* _TASK OBJECTIVE_:
Below are entries. Copy exactly the lines running from the line that holds "Canada, Ontario, Niagara" to the line that holds "WWII Paratrooper Uniform", with both ends included.

Data items:
▬▬▬
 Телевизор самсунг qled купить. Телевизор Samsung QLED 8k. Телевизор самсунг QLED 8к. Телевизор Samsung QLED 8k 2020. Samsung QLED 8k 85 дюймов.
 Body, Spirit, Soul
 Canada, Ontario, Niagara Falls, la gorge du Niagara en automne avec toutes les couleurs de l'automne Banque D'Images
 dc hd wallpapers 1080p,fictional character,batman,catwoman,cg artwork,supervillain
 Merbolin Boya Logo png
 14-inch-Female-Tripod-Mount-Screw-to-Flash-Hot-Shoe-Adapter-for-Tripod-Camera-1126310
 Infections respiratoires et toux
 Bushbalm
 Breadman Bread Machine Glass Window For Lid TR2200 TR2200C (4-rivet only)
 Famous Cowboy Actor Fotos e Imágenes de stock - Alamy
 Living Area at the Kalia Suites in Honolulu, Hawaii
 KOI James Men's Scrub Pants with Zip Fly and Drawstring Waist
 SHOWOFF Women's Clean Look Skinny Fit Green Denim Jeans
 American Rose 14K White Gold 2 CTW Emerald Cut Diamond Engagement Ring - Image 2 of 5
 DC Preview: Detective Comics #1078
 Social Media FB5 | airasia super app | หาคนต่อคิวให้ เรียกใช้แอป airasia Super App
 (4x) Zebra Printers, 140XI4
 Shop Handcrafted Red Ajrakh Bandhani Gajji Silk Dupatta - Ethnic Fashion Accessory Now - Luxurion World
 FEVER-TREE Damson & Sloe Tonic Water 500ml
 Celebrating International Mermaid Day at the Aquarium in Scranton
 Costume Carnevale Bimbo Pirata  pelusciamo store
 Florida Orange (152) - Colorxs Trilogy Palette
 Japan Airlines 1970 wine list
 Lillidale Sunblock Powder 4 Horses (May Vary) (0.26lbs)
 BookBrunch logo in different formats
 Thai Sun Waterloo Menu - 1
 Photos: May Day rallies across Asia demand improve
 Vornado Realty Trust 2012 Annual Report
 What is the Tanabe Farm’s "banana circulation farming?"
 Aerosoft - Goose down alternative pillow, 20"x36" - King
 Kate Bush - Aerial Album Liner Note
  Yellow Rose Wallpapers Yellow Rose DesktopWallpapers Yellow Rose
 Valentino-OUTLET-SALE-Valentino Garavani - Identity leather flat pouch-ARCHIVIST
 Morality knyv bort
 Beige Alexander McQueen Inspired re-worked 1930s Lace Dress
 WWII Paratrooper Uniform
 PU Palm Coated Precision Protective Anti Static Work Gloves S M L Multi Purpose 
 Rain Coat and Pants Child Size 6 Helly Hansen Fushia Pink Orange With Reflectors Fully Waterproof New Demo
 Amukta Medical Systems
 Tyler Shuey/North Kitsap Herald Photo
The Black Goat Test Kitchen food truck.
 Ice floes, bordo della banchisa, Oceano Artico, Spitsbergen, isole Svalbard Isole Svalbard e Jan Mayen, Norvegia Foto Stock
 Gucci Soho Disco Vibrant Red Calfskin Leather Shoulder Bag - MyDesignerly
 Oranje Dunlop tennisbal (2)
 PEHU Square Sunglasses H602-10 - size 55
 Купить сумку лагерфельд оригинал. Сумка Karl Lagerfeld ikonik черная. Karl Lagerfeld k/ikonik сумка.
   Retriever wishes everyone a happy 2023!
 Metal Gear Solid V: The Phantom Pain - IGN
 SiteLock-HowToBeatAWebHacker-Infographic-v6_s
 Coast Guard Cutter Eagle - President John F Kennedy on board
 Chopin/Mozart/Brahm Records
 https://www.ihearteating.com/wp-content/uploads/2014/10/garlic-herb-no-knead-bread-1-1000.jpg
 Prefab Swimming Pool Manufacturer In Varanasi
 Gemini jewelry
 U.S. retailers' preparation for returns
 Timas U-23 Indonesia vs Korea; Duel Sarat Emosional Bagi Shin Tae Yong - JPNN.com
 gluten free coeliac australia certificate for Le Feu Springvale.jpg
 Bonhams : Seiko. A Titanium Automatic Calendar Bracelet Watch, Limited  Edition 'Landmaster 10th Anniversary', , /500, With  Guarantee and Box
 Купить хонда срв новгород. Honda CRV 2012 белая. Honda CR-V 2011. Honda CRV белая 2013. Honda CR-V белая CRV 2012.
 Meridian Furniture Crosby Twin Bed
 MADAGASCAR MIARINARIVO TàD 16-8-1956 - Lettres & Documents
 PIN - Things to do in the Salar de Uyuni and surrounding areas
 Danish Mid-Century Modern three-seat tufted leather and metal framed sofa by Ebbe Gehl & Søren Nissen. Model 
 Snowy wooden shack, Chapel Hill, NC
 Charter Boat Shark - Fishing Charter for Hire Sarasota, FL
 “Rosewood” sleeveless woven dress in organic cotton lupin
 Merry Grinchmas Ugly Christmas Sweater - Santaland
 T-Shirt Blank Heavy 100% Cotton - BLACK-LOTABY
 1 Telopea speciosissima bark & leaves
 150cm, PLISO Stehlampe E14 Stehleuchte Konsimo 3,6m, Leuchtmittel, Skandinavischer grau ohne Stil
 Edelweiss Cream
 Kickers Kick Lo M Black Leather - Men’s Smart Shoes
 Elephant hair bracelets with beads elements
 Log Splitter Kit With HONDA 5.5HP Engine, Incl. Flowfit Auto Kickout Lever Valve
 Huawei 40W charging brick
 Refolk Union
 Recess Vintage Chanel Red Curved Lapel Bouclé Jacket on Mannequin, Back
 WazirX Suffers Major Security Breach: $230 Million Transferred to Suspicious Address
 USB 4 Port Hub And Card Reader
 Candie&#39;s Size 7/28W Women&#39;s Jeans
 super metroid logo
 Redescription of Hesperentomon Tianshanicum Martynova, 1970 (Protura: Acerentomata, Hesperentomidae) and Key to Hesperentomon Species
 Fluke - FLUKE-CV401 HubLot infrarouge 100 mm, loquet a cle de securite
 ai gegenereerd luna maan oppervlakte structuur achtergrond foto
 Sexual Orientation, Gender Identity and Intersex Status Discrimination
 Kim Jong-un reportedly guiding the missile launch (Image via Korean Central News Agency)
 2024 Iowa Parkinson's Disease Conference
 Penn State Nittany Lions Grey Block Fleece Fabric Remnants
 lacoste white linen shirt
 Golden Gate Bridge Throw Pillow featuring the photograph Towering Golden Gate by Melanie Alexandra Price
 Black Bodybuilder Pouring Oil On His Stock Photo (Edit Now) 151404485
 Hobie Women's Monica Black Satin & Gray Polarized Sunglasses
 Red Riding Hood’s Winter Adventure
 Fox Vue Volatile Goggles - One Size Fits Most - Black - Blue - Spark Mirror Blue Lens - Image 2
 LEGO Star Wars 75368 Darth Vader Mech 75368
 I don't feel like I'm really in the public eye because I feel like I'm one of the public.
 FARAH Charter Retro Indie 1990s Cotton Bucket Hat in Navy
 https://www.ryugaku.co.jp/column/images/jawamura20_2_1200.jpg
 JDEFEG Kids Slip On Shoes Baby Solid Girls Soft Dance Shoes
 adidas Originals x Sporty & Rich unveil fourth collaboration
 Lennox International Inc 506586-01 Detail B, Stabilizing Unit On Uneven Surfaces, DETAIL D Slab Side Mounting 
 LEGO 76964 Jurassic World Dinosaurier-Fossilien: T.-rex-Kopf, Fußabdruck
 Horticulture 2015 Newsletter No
▬▬▬
* _SOLVED EXERCISE_:
 Canada, Ontario, Niagara Falls, la gorge du Niagara en automne avec toutes les couleurs de l'automne Banque D'Images
 dc hd wallpapers 1080p,fictional character,batman,catwoman,cg artwork,supervillain
 Merbolin Boya Logo png
 14-inch-Female-Tripod-Mount-Screw-to-Flash-Hot-Shoe-Adapter-for-Tripod-Camera-1126310
 Infections respiratoires et toux
 Bushbalm
 Breadman Bread Machine Glass Window For Lid TR2200 TR2200C (4-rivet only)
 Famous Cowboy Actor Fotos e Imágenes de stock - Alamy
 Living Area at the Kalia Suites in Honolulu, Hawaii
 KOI James Men's Scrub Pants with Zip Fly and Drawstring Waist
 SHOWOFF Women's Clean Look Skinny Fit Green Denim Jeans
 American Rose 14K White Gold 2 CTW Emerald Cut Diamond Engagement Ring - Image 2 of 5
 DC Preview: Detective Comics #1078
 Social Media FB5 | airasia super app | หาคนต่อคิวให้ เรียกใช้แอป airasia Super App
 (4x) Zebra Printers, 140XI4
 Shop Handcrafted Red Ajrakh Bandhani Gajji Silk Dupatta - Ethnic Fashion Accessory Now - Luxurion World
 FEVER-TREE Damson & Sloe Tonic Water 500ml
 Celebrating International Mermaid Day at the Aquarium in Scranton
 Costume Carnevale Bimbo Pirata  pelusciamo store
 Florida Orange (152) - Colorxs Trilogy Palette
 Japan Airlines 1970 wine list
 Lillidale Sunblock Powder 4 Horses (May Vary) (0.26lbs)
 BookBrunch logo in different formats
 Thai Sun Waterloo Menu - 1
 Photos: May Day rallies across Asia demand improve
 Vornado Realty Trust 2012 Annual Report
 What is the Tanabe Farm’s "banana circulation farming?"
 Aerosoft - Goose down alternative pillow, 20"x36" - King
 Kate Bush - Aerial Album Liner Note
  Yellow Rose Wallpapers Yellow Rose DesktopWallpapers Yellow Rose
 Valentino-OUTLET-SALE-Valentino Garavani - Identity leather flat pouch-ARCHIVIST
 Morality knyv bort
 Beige Alexander McQueen Inspired re-worked 1930s Lace Dress
 WWII Paratrooper Uniform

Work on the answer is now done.